═══ Study material ═══

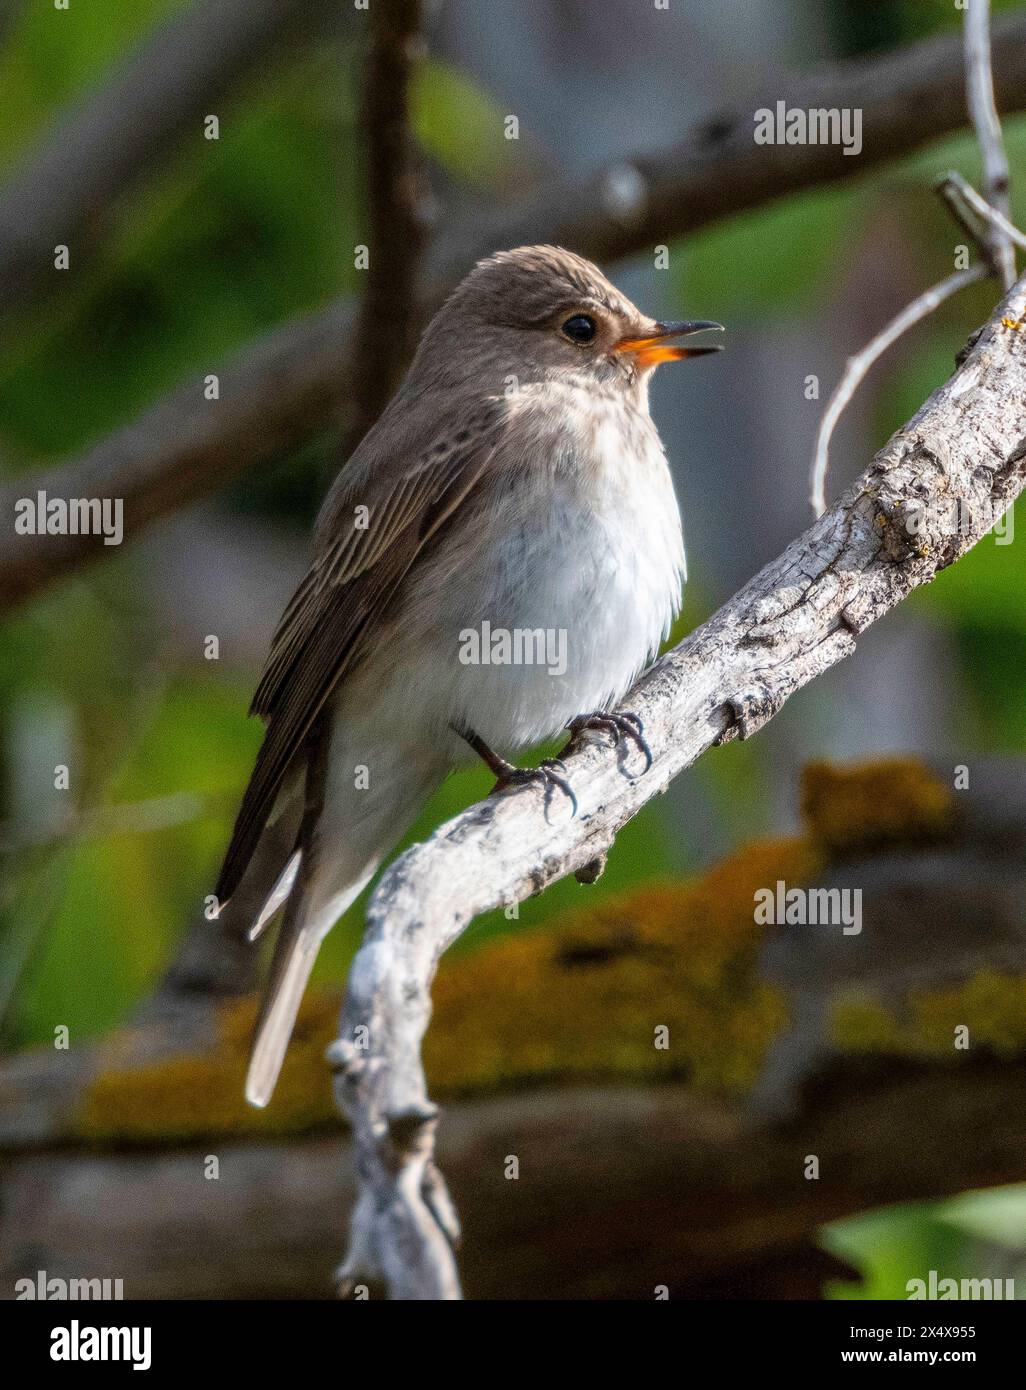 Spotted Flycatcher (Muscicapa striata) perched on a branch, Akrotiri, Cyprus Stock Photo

═══
═══ Study material ═══

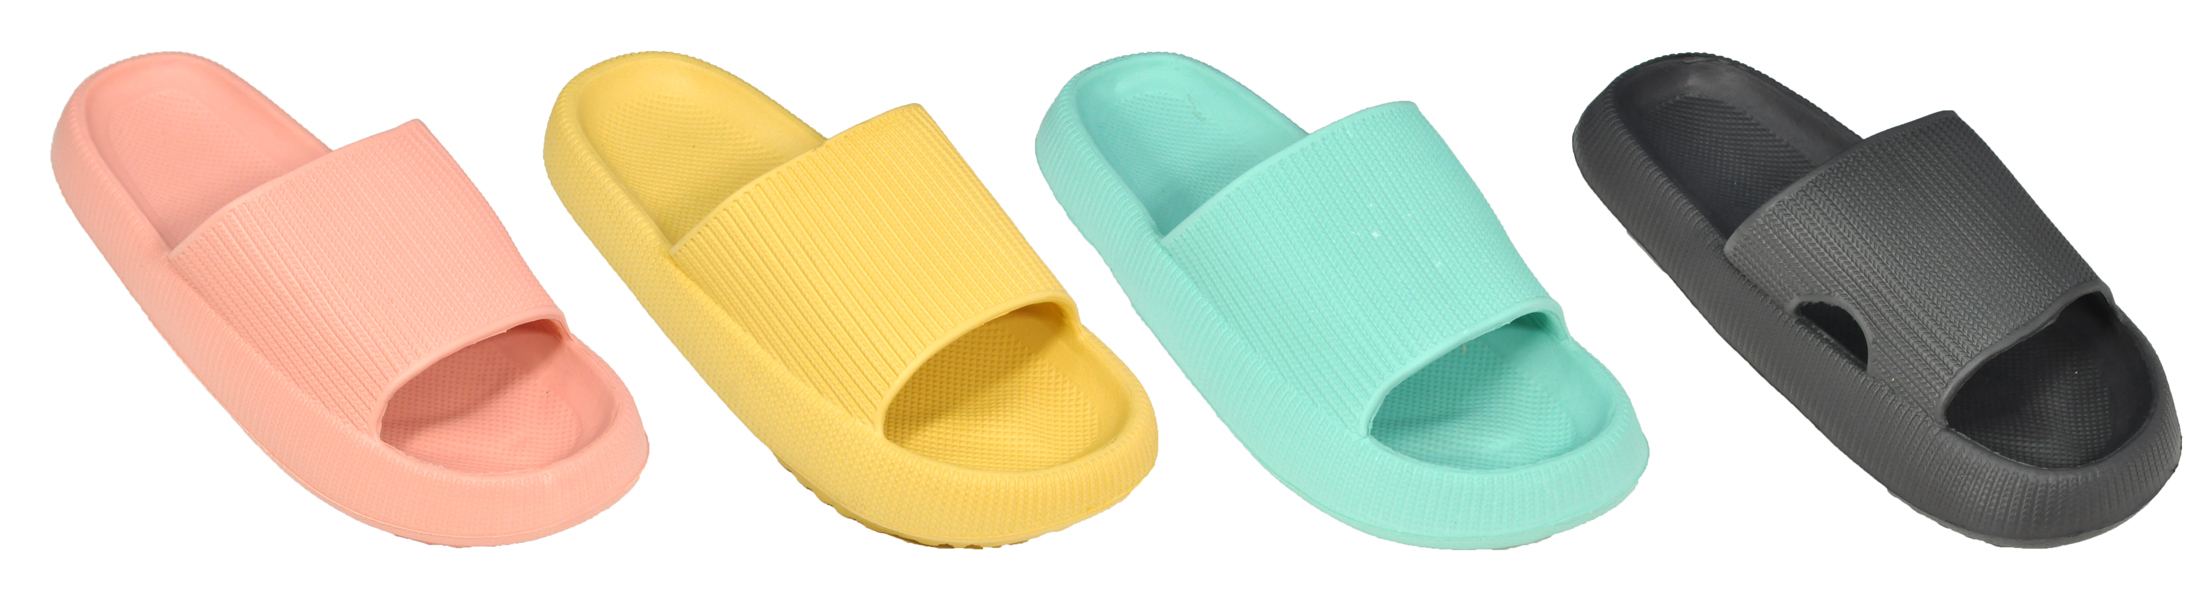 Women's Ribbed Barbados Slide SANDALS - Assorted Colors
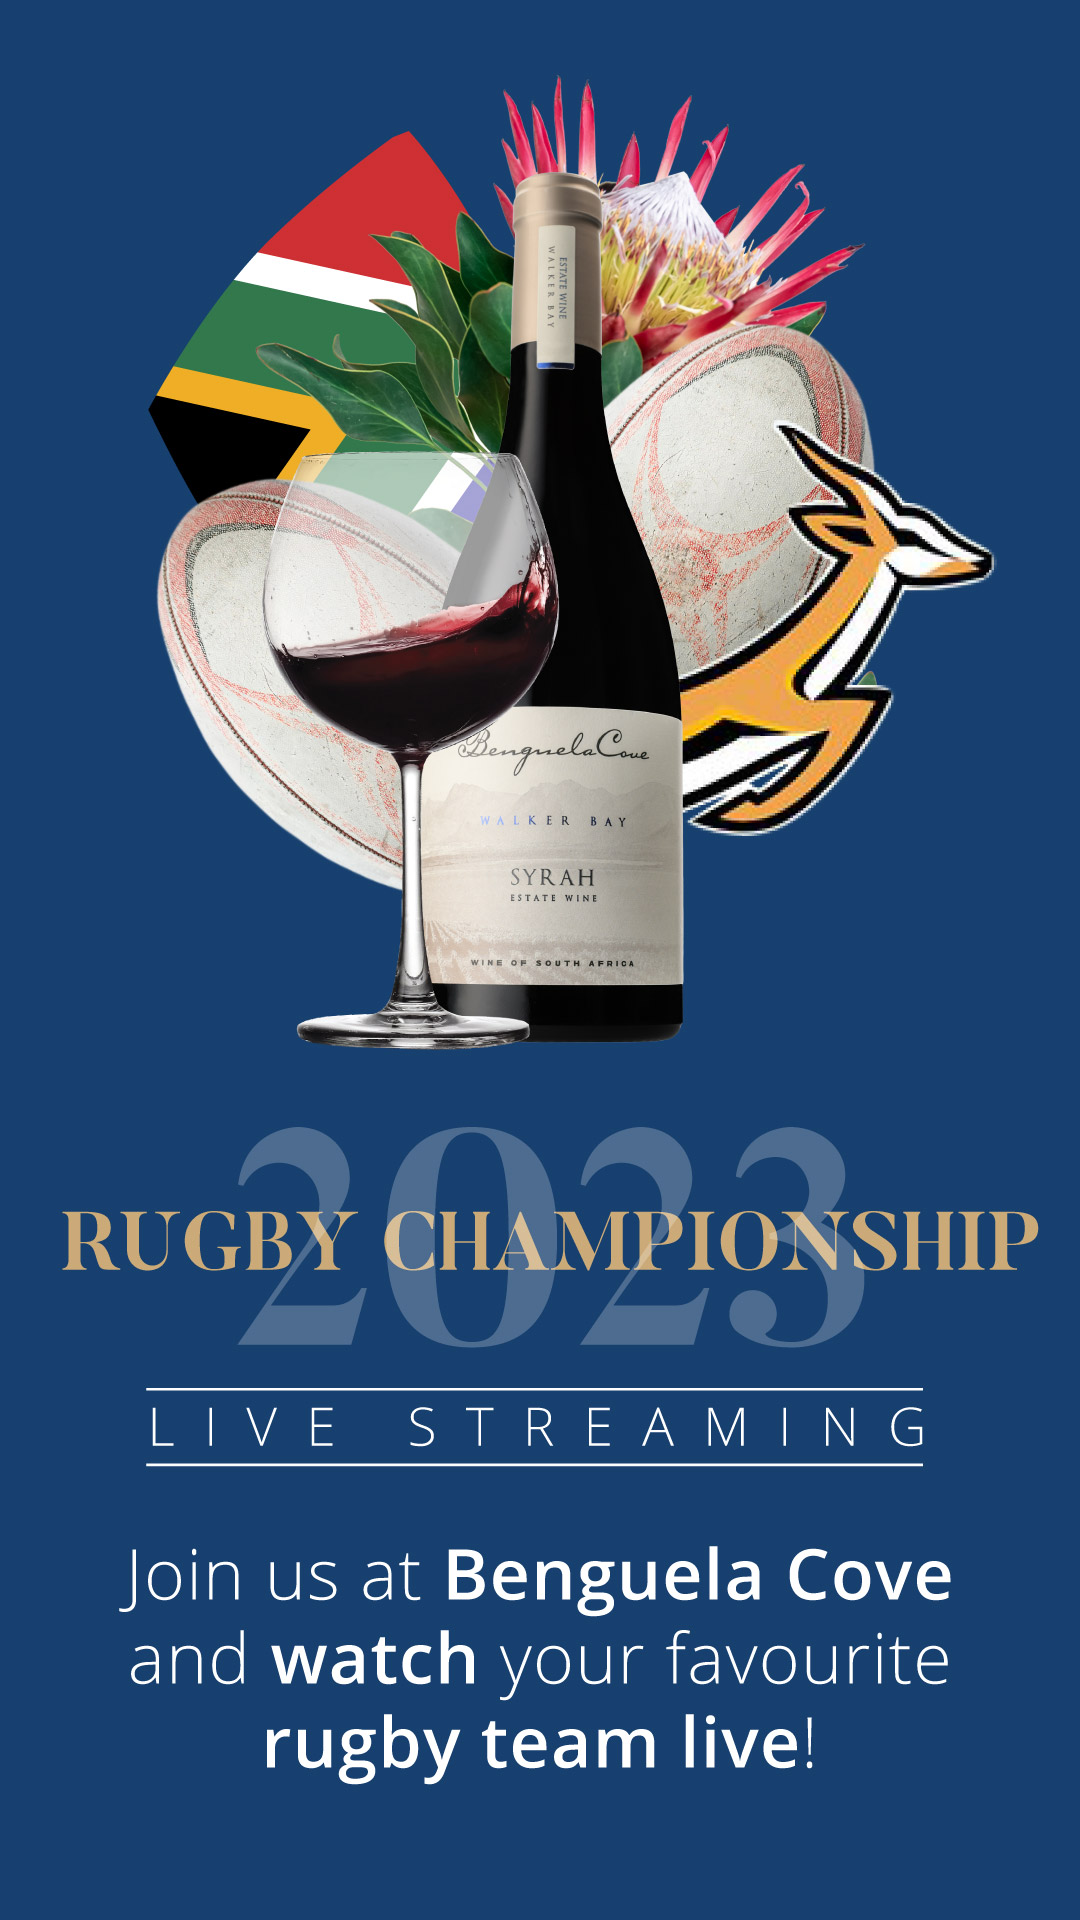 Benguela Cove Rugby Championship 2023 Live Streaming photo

═══

Begin at the line in the entries above that has "Women's Ribbed Barbados", stop after the line that has "Benguela Cove Rugby", and output exactly those lines without pictures.

 Women's Ribbed Barbados Slide SANDALS - Assorted Colors
 Benguela Cove Rugby Championship 2023 Live Streaming photo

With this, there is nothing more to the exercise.